Invasive species fuel most global animal, plant extinctions

Invasive species fuel most global animal, plant extinctions
Credit: Belga

Invasive alien species (IAS) are virtually invisible but present a major ecological threat, the Intergovernmental Science-Policy Platform on Biodiversity and Ecosystem Services (IPBES) warned in its latest report, issued on Monday.

These highly adaptable animals and plants, introduced voluntarily or involuntarily by human intervention, proliferate, supplant or drive out indigenous species, going so far as to make some of them extinct.

They also cause multiple impacts that are often unsuspected before it is too late, IPBES explains in its 'Assessment Report on Invasive Alien Species and their Control,' approved on Saturday in Bonn, Germany, by representatives of the 143 member States of IPBES.

Direct driver of global biodiversity loss

Invasive species are one of the “direct drivers of biodiversity loss on a global scale,” along with climate change and pollution, notes the international panel of experts, which meets under the aegis of the UN.

The assessment report, prepared by 86 international experts from 49 countries, is based on more than 13,000 reference studies, synthesised over four years at a total cost of more than $1.5 million.

It comes just a few months after the Kunming-Montreal agreement, in which the international community set itself the target of reducing the rate of introduction of invasive alien species by 50% by 2030.

Major ecological, health and econmic problem

“The phenomenon is still little known and until recently, apart from a few scientists, attracted little attention, but it is a major problem in ecological, health and even economic terms,” says Christophe Diagne, a researcher at the Institut de recherche pour le développement (IRD) in Montpellier.

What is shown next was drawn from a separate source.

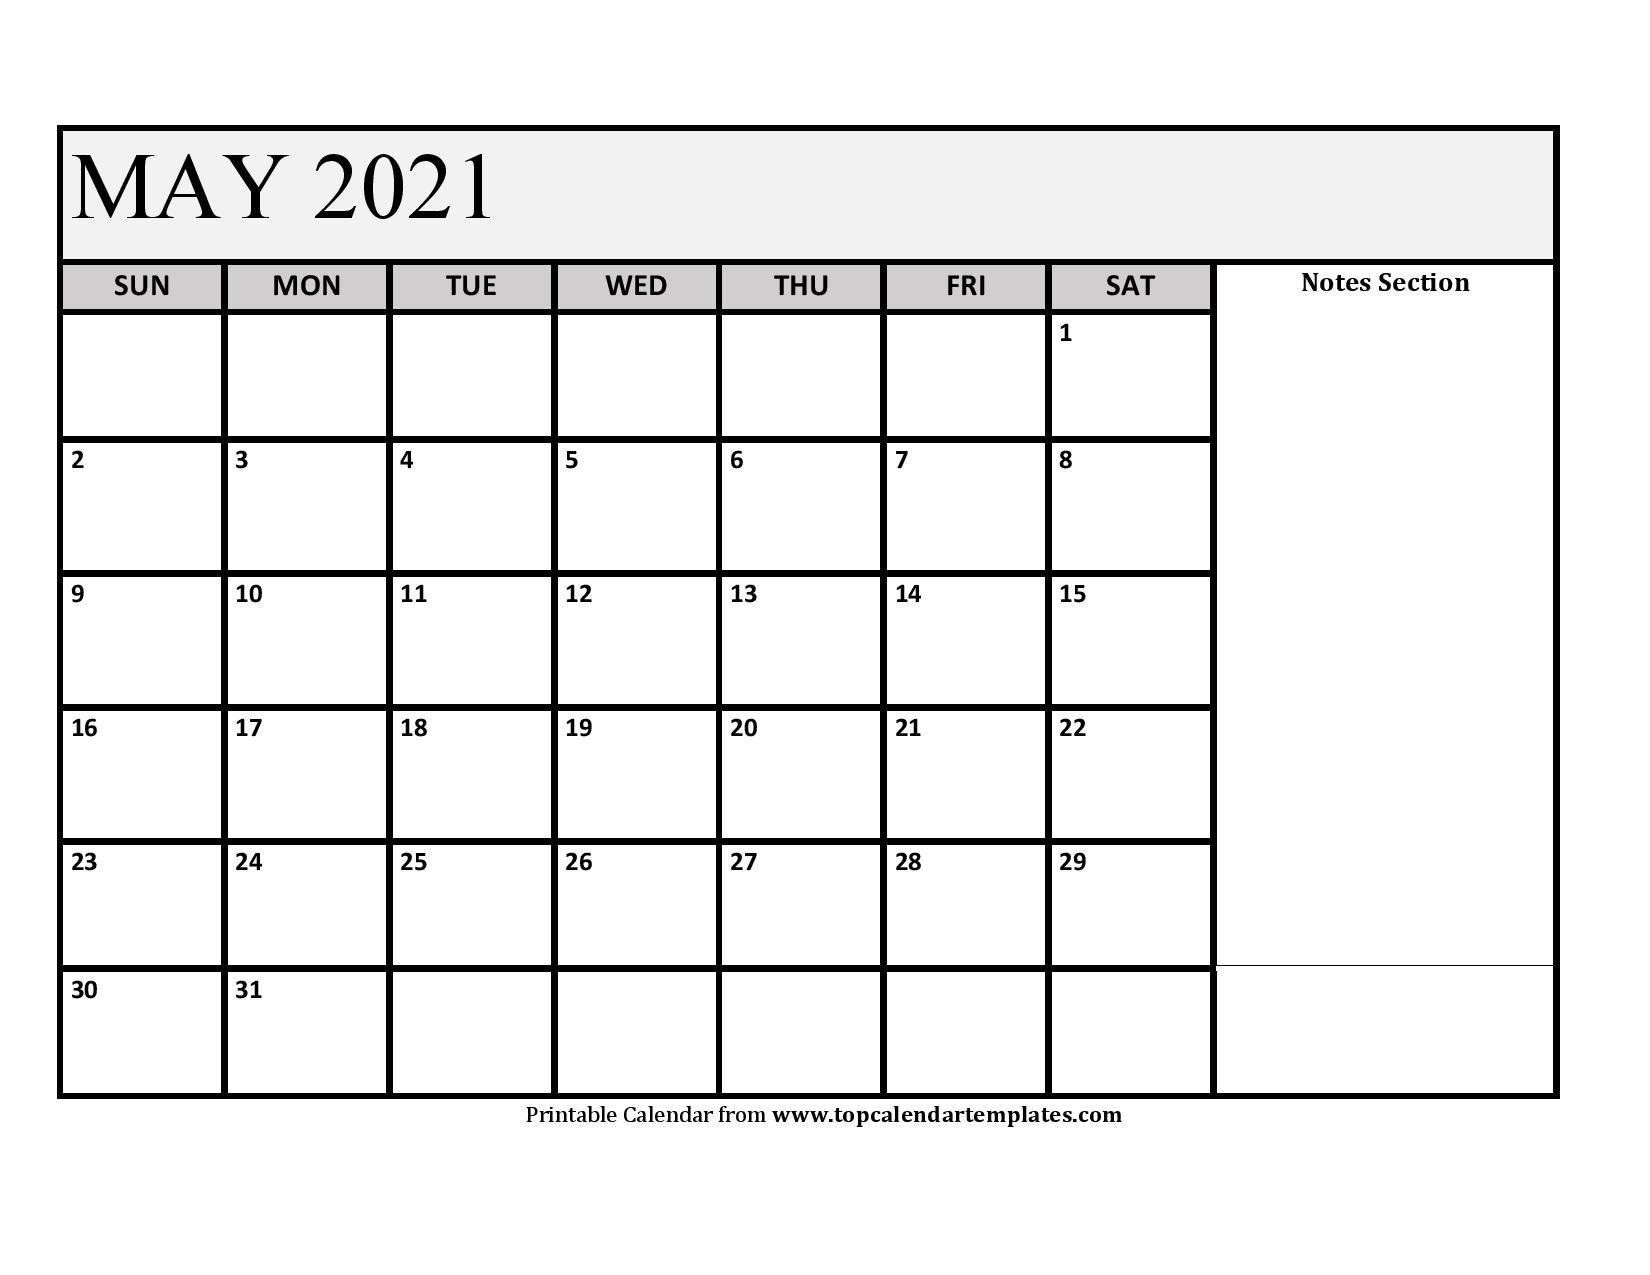 Printable May 2021 Calendar Template - Pdf, Word, Excel for Printable Interactive 2021 Calendar Graphics

By settling permanently in new territories, these species “change the local environment, with consequences that we don’t always measure at first, but which can lead to the disappearance of certain native species,” explains Mr Diagne.

There are many examples of this, from the Mauritian dodo, which disappeared because of predation by animals imported by colonists (rats, cats, dogs), to the American crayfish, a formidable predator in French rivers, or the apparently harmless European bumblebee, which is about to get the better of its Chilean colleague by bringing back a devastating parasite.

... a quarter of bird species could disappear in 50 years

A 2021 study in Global Change Biology showed that 14% of the ‘functional diversity’ (habitat and mass) of mammals was threatened by biological invasions and that 27% of birds, which are particularly vulnerable, could disappear over the next fifty years.

The impact on human health can be devastating: for example, the proliferation of the tiger mosquito, which is responsible for epidemics of dengue fever and chikungunya.

In financial terms too, the consequences are not negligible: in 2021, a study in 'Nature' magazine put the cost of the ravages at at least $1,288 billion since 1970.